Indian Army has advantage over PLA on border: General M M Naravane
Former Indian Army chief, General MM Naravane, on Friday said India’s military, for the first time, enjoyed an advantage on the Sino-Indian border vis-à-vis China’s People’s Liberation Army (PLC).
“We should negotiate the (Sino-Indian) border with China from that position of advantage,” he said, while addressing a New Delhi-based think-tank called the Foundation for Non-Violent Alternatives (FNVA) at the release of its new report, “Resetting India’s Tibet Policy 2022”.
Naravane commanded the Indian Army from January 2019 to April 2022, a period of border turmoil in which the PLA made inroads into the Indian territory at several points in Eastern Ladakh.
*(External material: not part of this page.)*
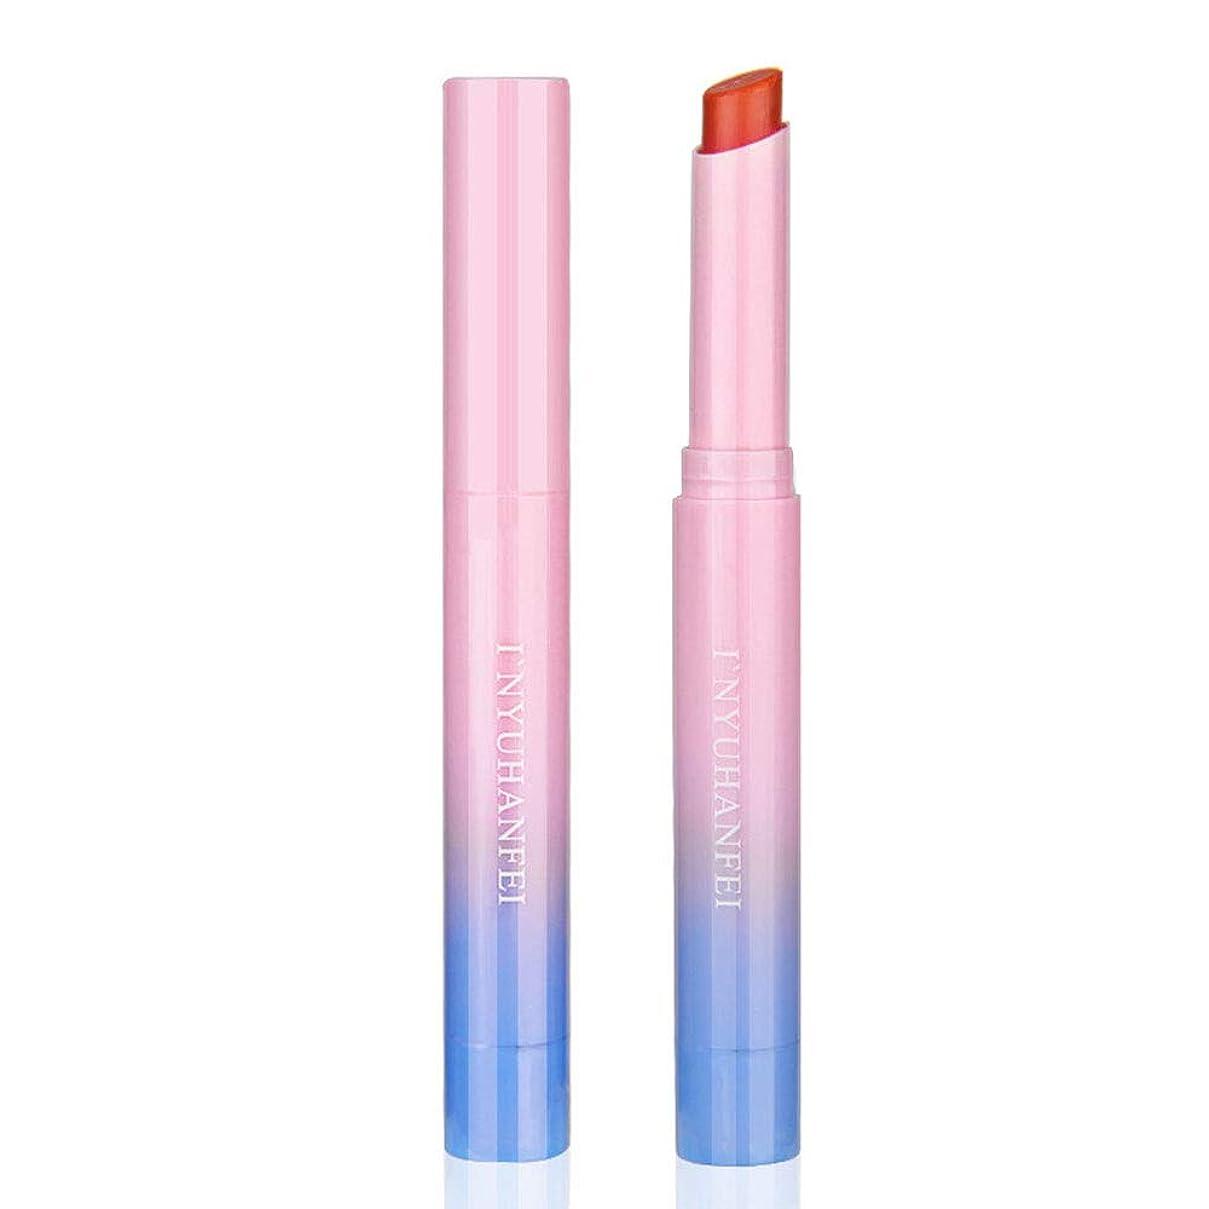 フェザーかる注ぎますFGULリップグロス怠惰な口紅長続きがする化粧品グラデーションカラー回転保湿リップスティック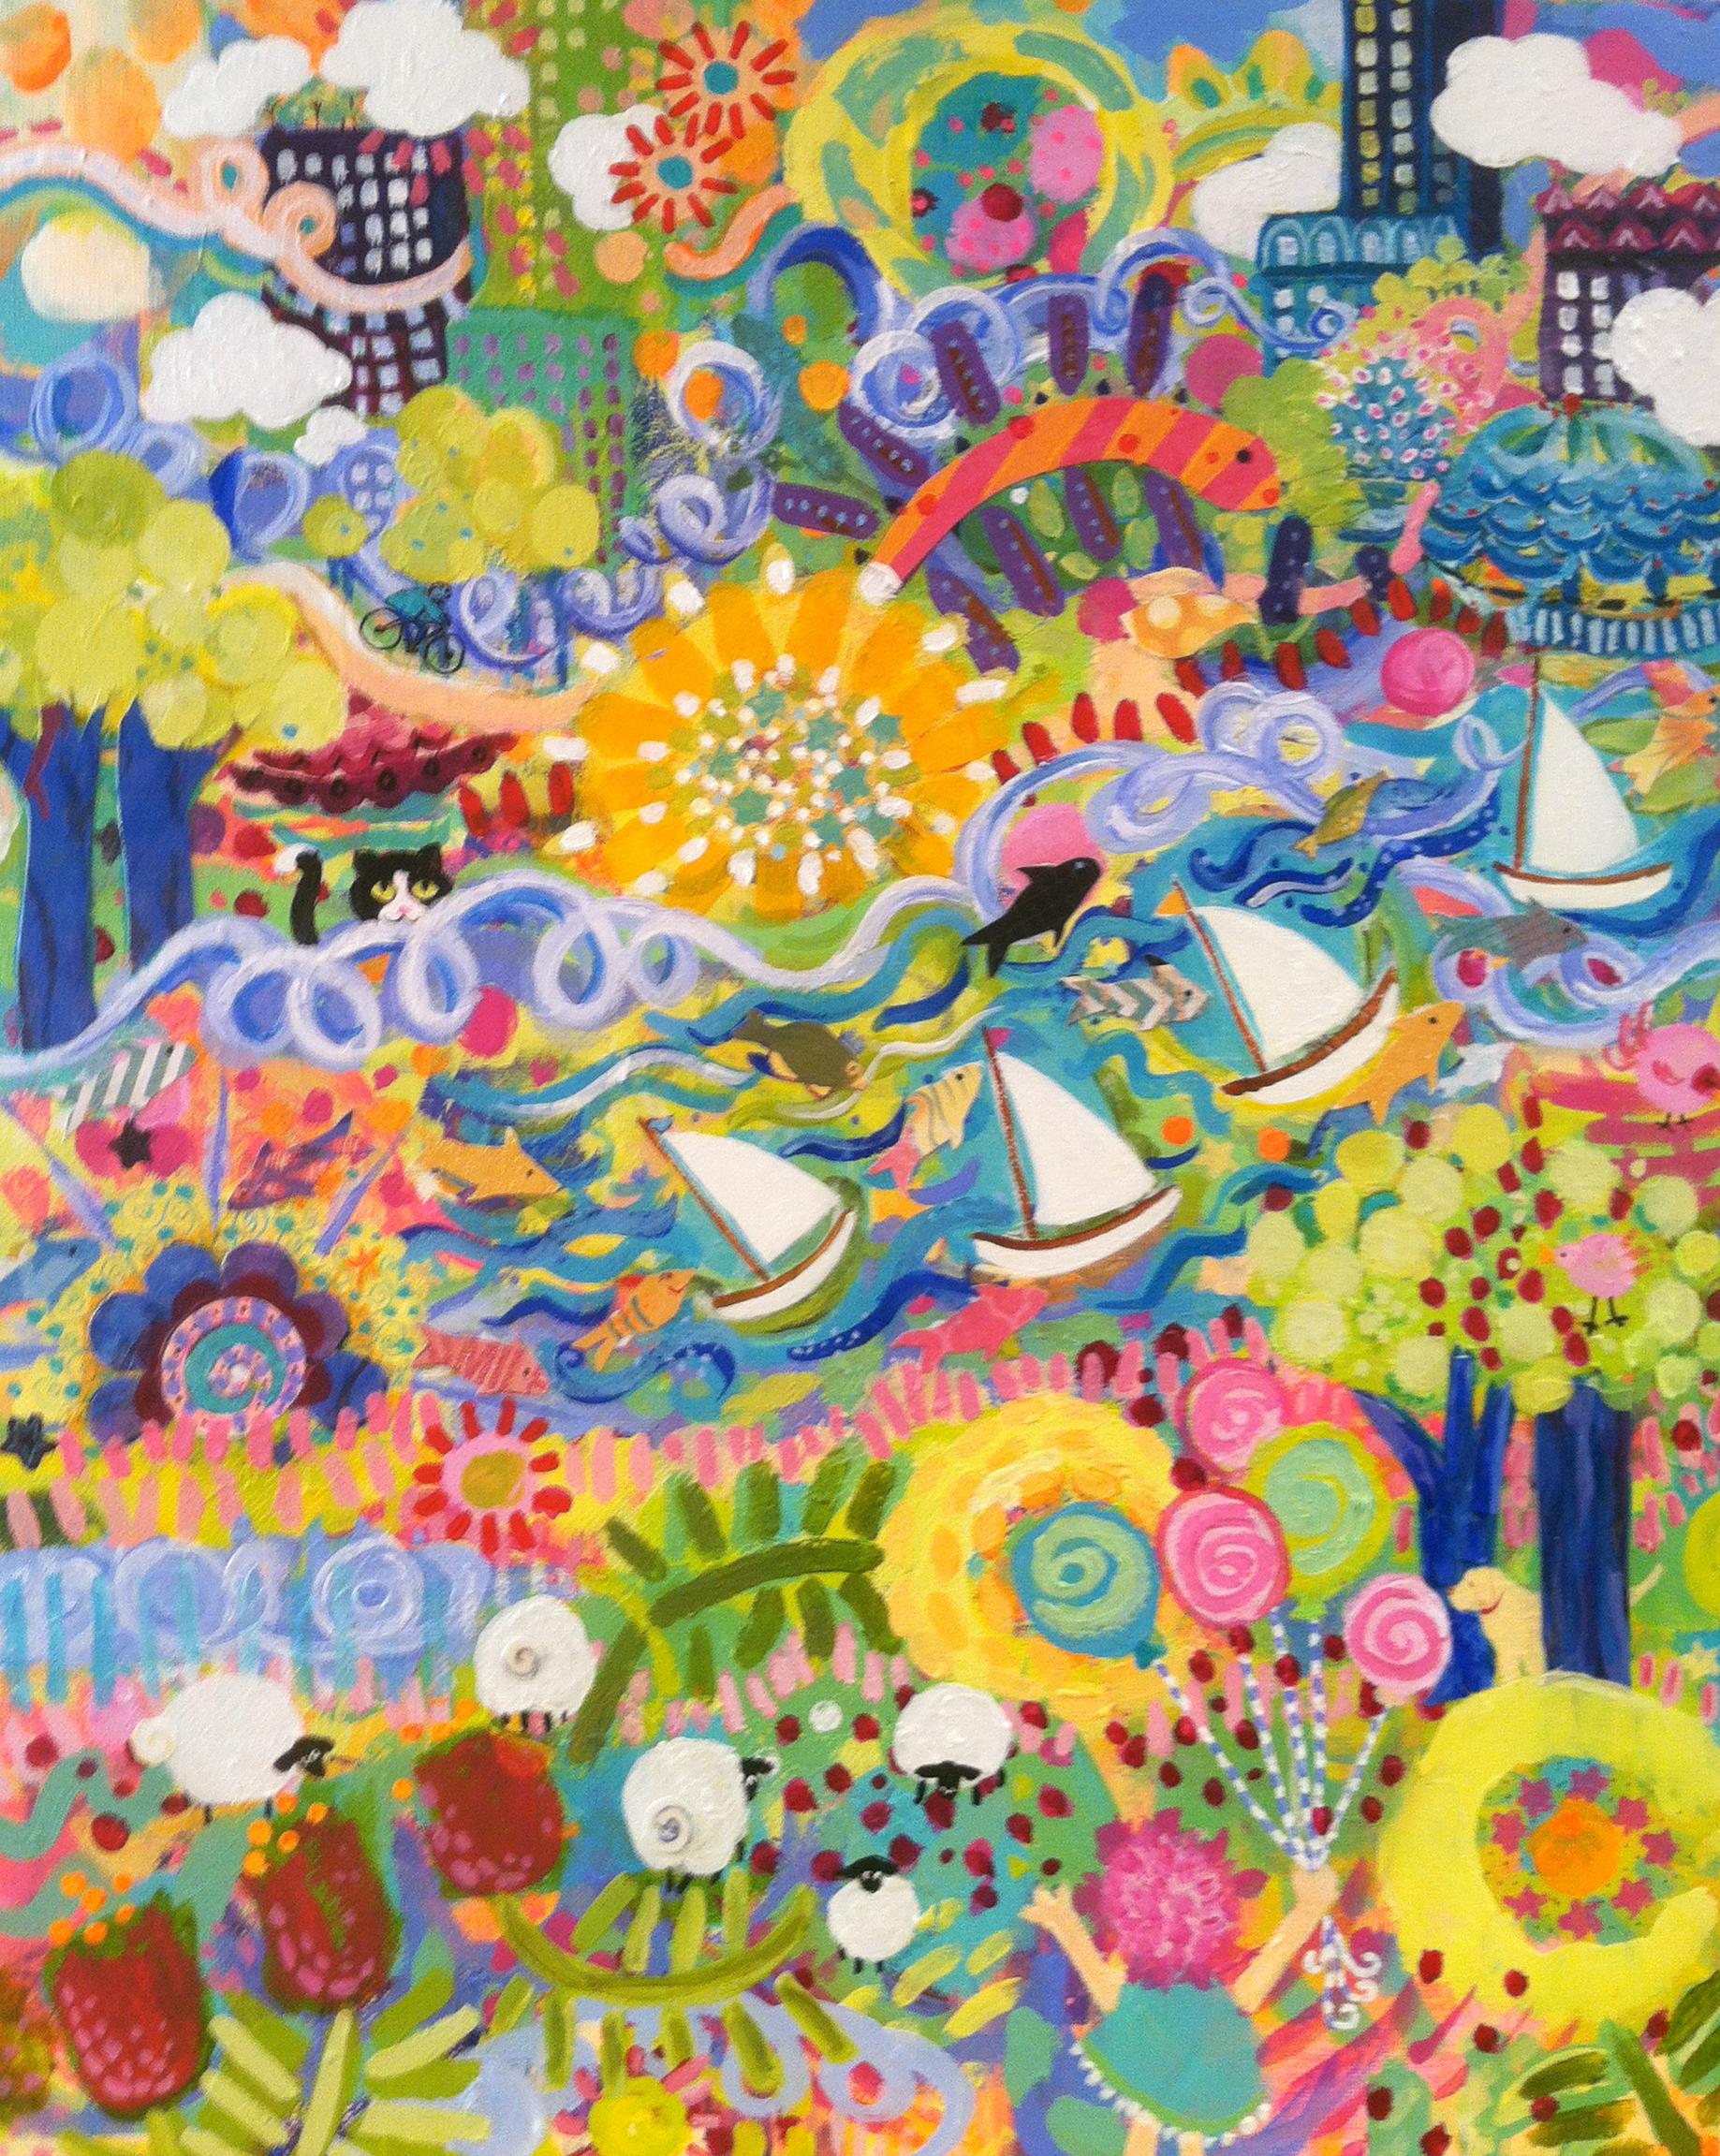 """https://1-deborah-burow.pixels.com/featured/central-park-deborah-burow.html  Central Park 16"""" x 20"""", acrylic with mixed media."""

In a brutal hand-to-hand encounter between the two armies in the Galwan river valley, Indian soldiers were killed for the first time since 1975.
New Delhi admitted deaths of 40 Indian soldiers in that clash, while Beijing acknowledged that four PLA soldiers lost their lives. Naravane said the Indian Army gained a major moral advantage, stemming from the fact that, for the first time in decades, an adversary had inflicted casualties on Chinese soldiers.
“It doesn’t matter whether four Chinese soldiers were killed or 40. What is material is that we stood up to the PLA and inflicted casualties,” he said.
The message that had gone out to the PLA and the Chinese leadership, said Naravane, is that any aggression hereafter by China would result in their paying a price. “It will not be a small price, but a heavy one,” he said.
The former Army chief also claimed that the Indian position of advantage came from the fact that the large number of Chinese soldiers now deployed on the Sino-Indian border had to be resupplied from bases far away on China’s eastern seaboard.
“The PLA’s lines of communication to their western border with India are 4,000 km long, while India’s lines of communication to its Himalayan border are barely 400-500 km,” said Naravane.
This leads to a position of stalemate, said Naravane, in which neither the Chinese nor the Indian side can benefit from conflict. It is a position that calls for negotiation.